__GOAL OF THE EXERCISE__
Below are the records; return every line from the one that contains "Date of creation: 2020" to the last, exactly, skipping the pictures.

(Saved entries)
★ ★ ★

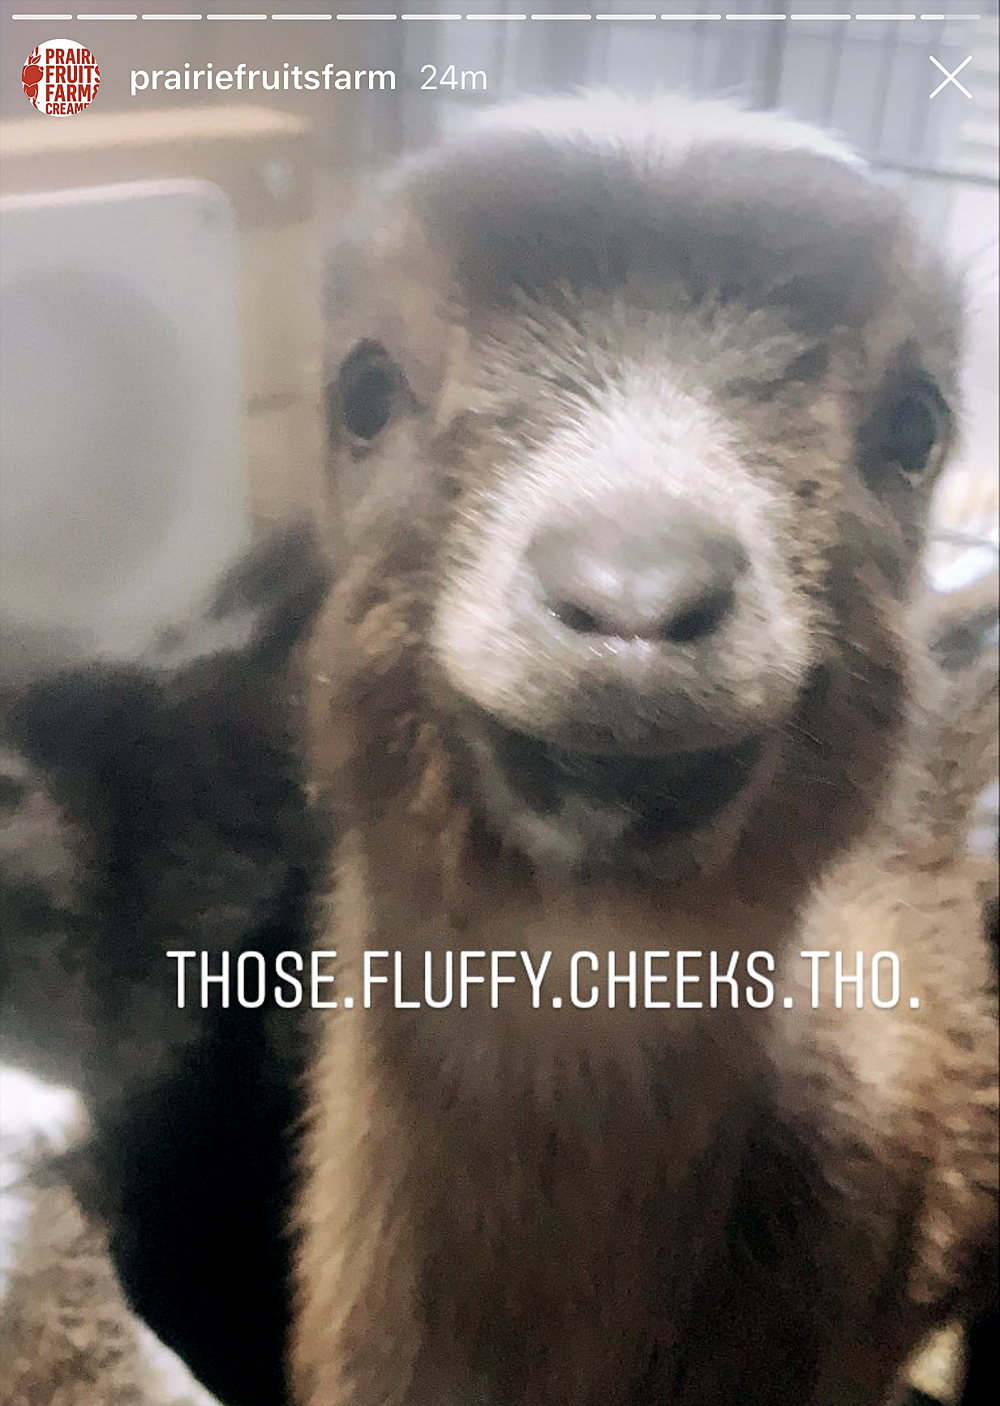 Screenshot from Prairie Fruits Farm Instagram stories. A baby goat looks into the camera. It appears to be smiling. White text on the screen reads 
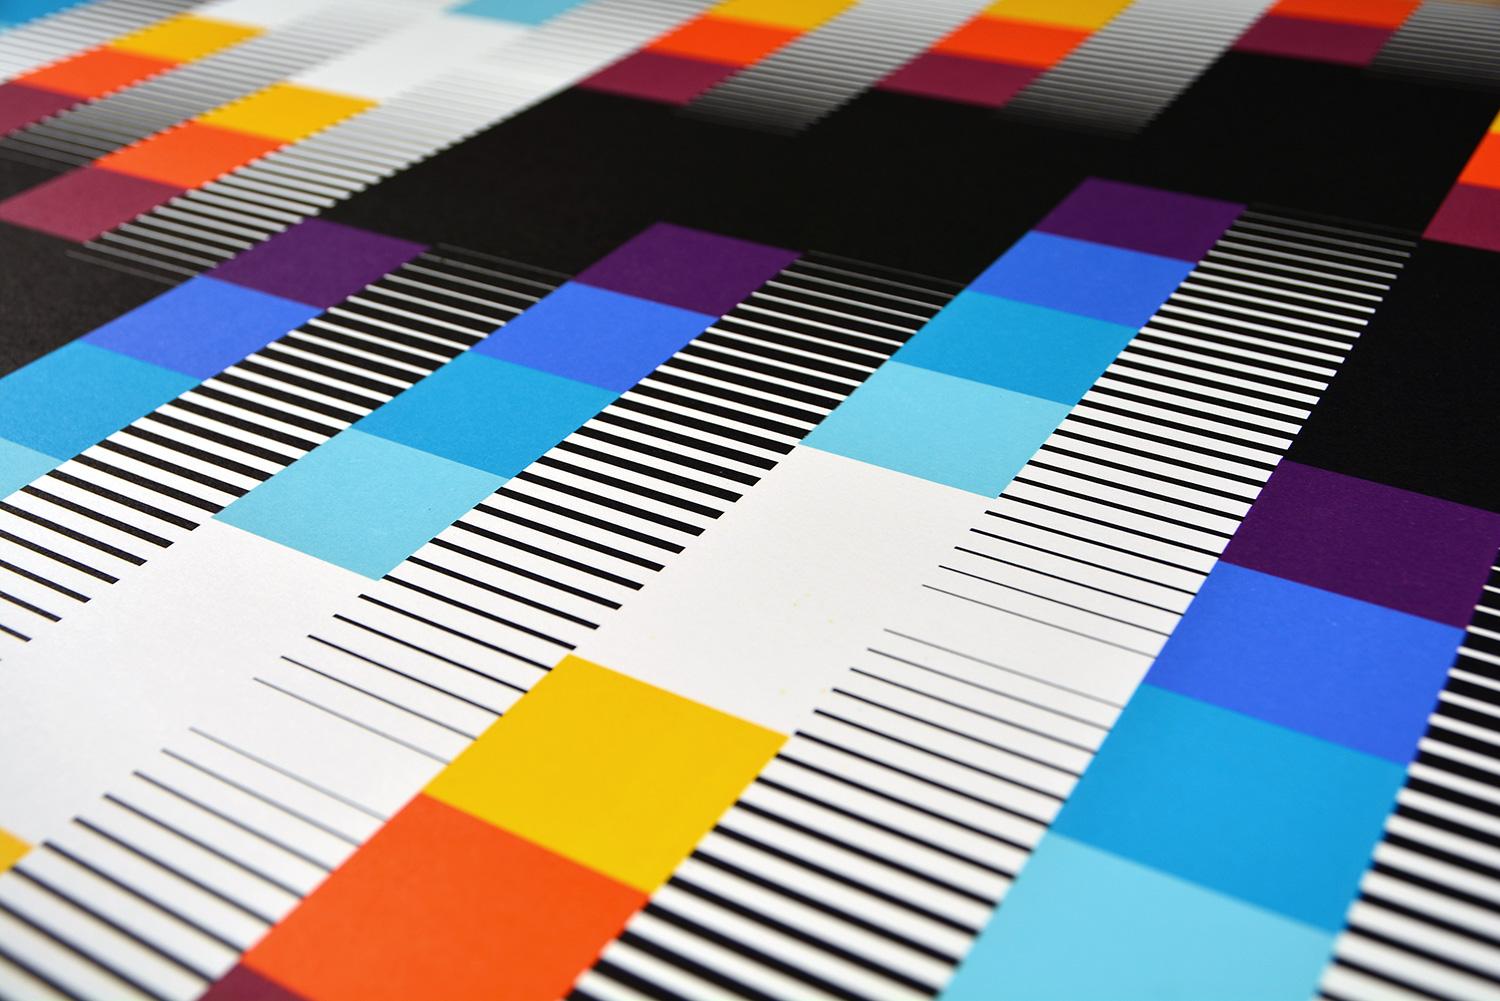 Felipe Pantone CHROMADYNA MICAP #3
Date of creation: 2020
Medium: Lithograph on paper
Edition number: 24/30
Size: 75.5 x 55.5 cm
Condition: New, in mint condition and never framed
Lithograph on paper hand signed and numbered on the back by the
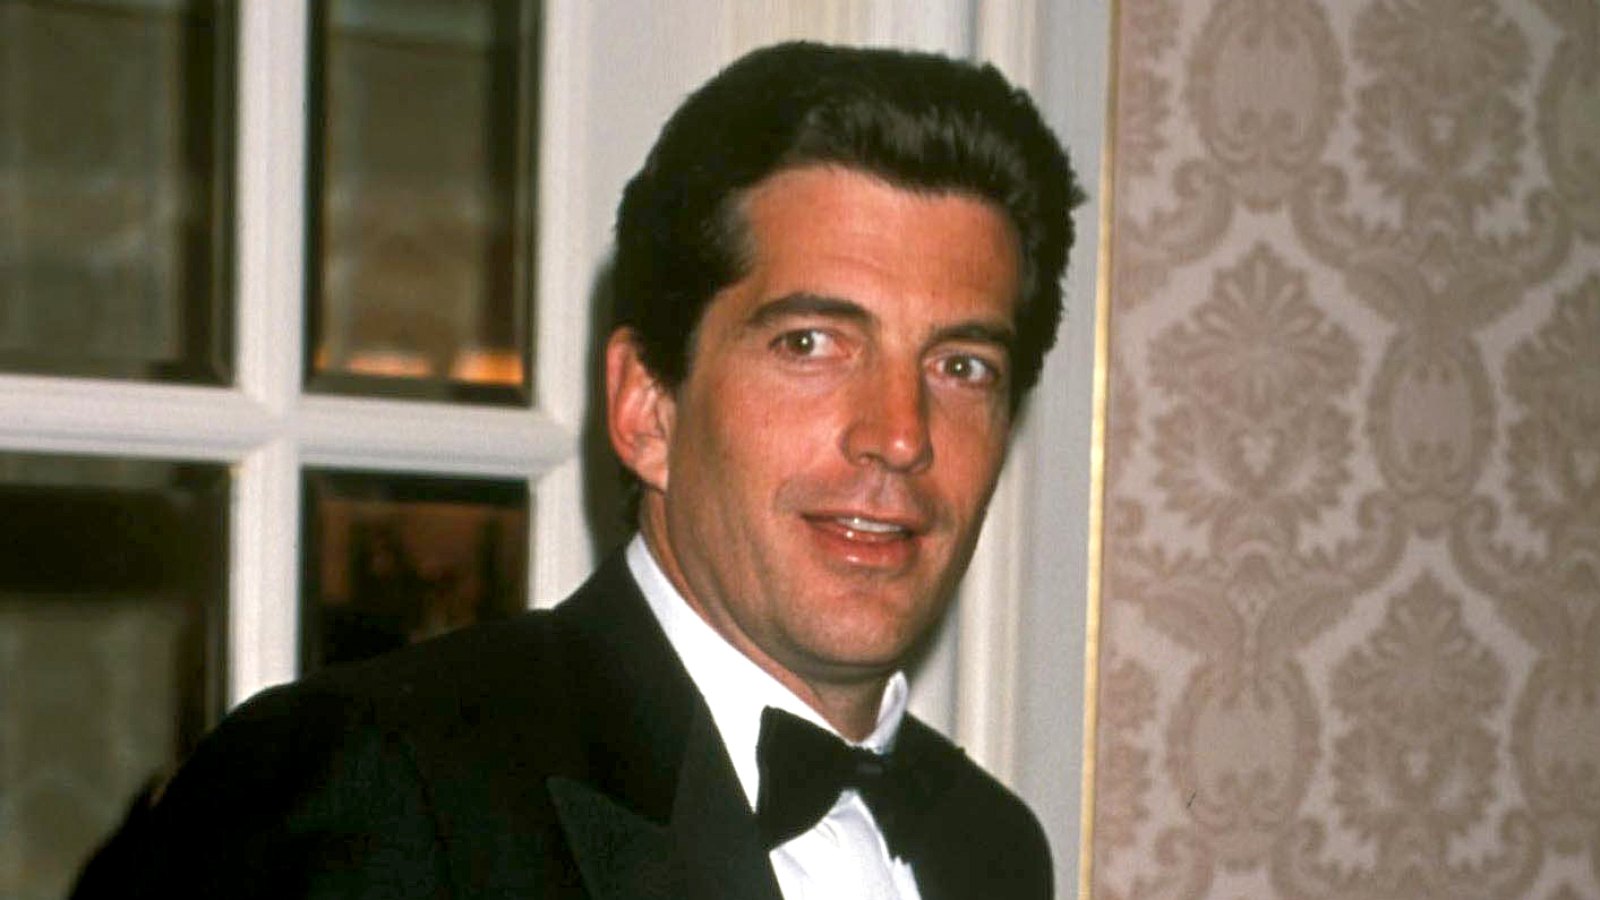 John-F.-Kennedy-Jr.-Went-Sour-on-the-Press-After-He-Courted-Their-Attention-for-Years
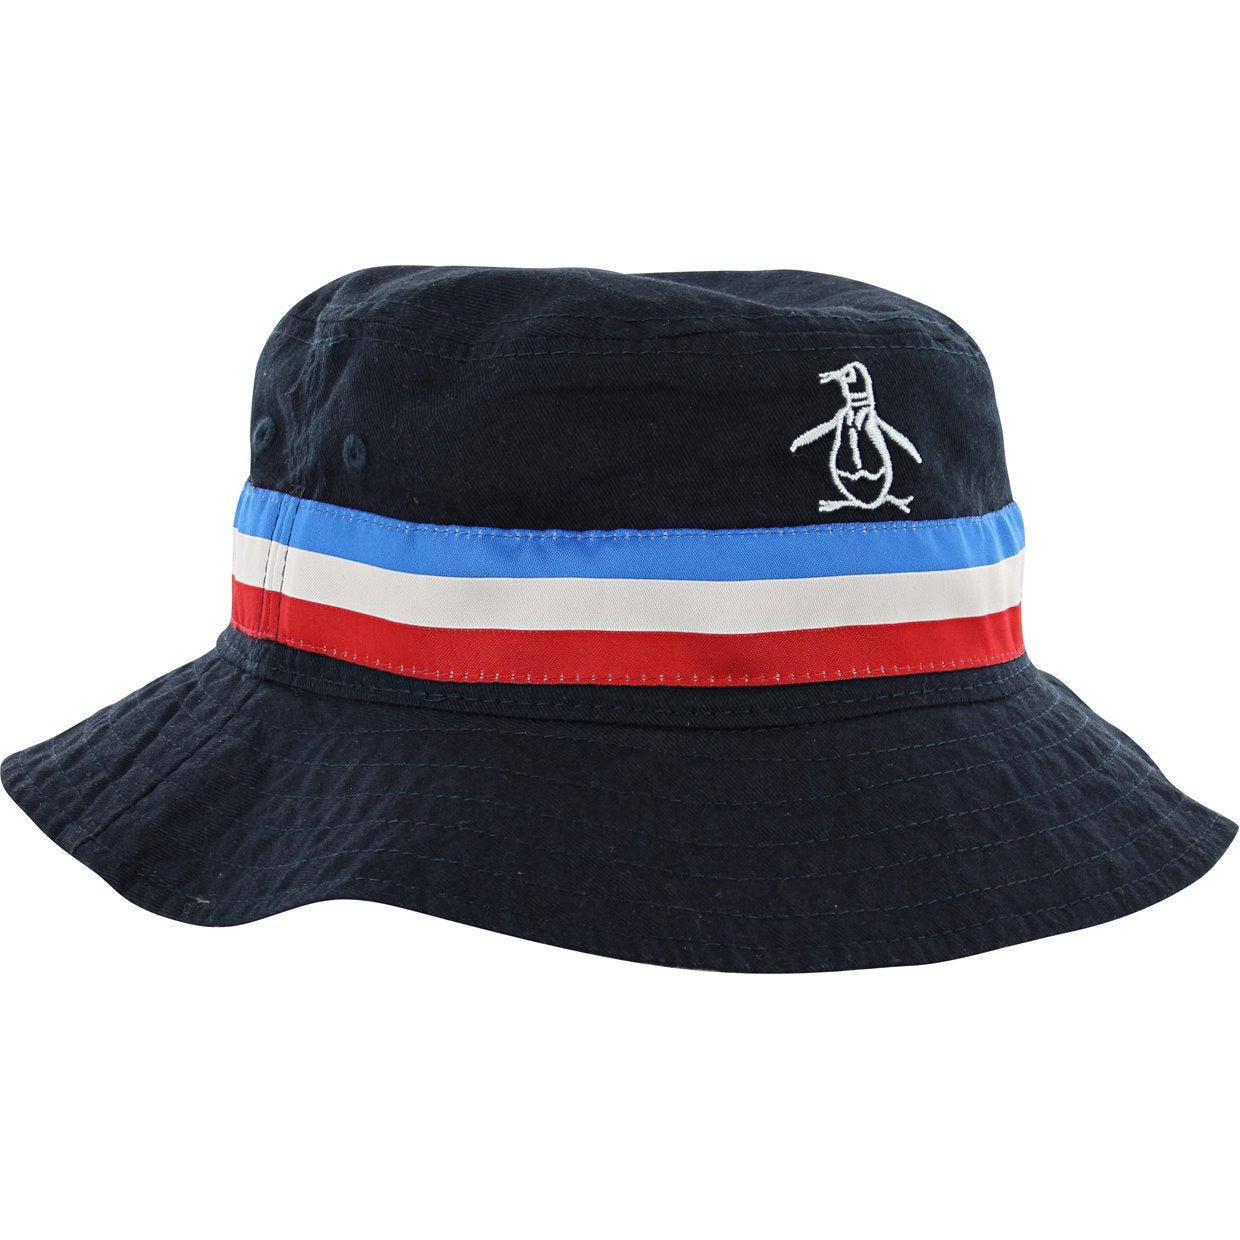 personeelszaken amateur vergroting Give your baseball caps a break and try one of these 6 trendy bucket hats

★ ★ ★

__WORKED SOLUTION__
Date of creation: 2020
Medium: Lithograph on paper
Edition number: 24/30
Size: 75.5 x 55.5 cm
Condition: New, in mint condition and never framed
Lithograph on paper hand signed and numbered on the back by the
 John-F.-Kennedy-Jr.-Went-Sour-on-the-Press-After-He-Courted-Their-Attention-for-Years
 personeelszaken amateur vergroting Give your baseball caps a break and try one of these 6 trendy bucket hats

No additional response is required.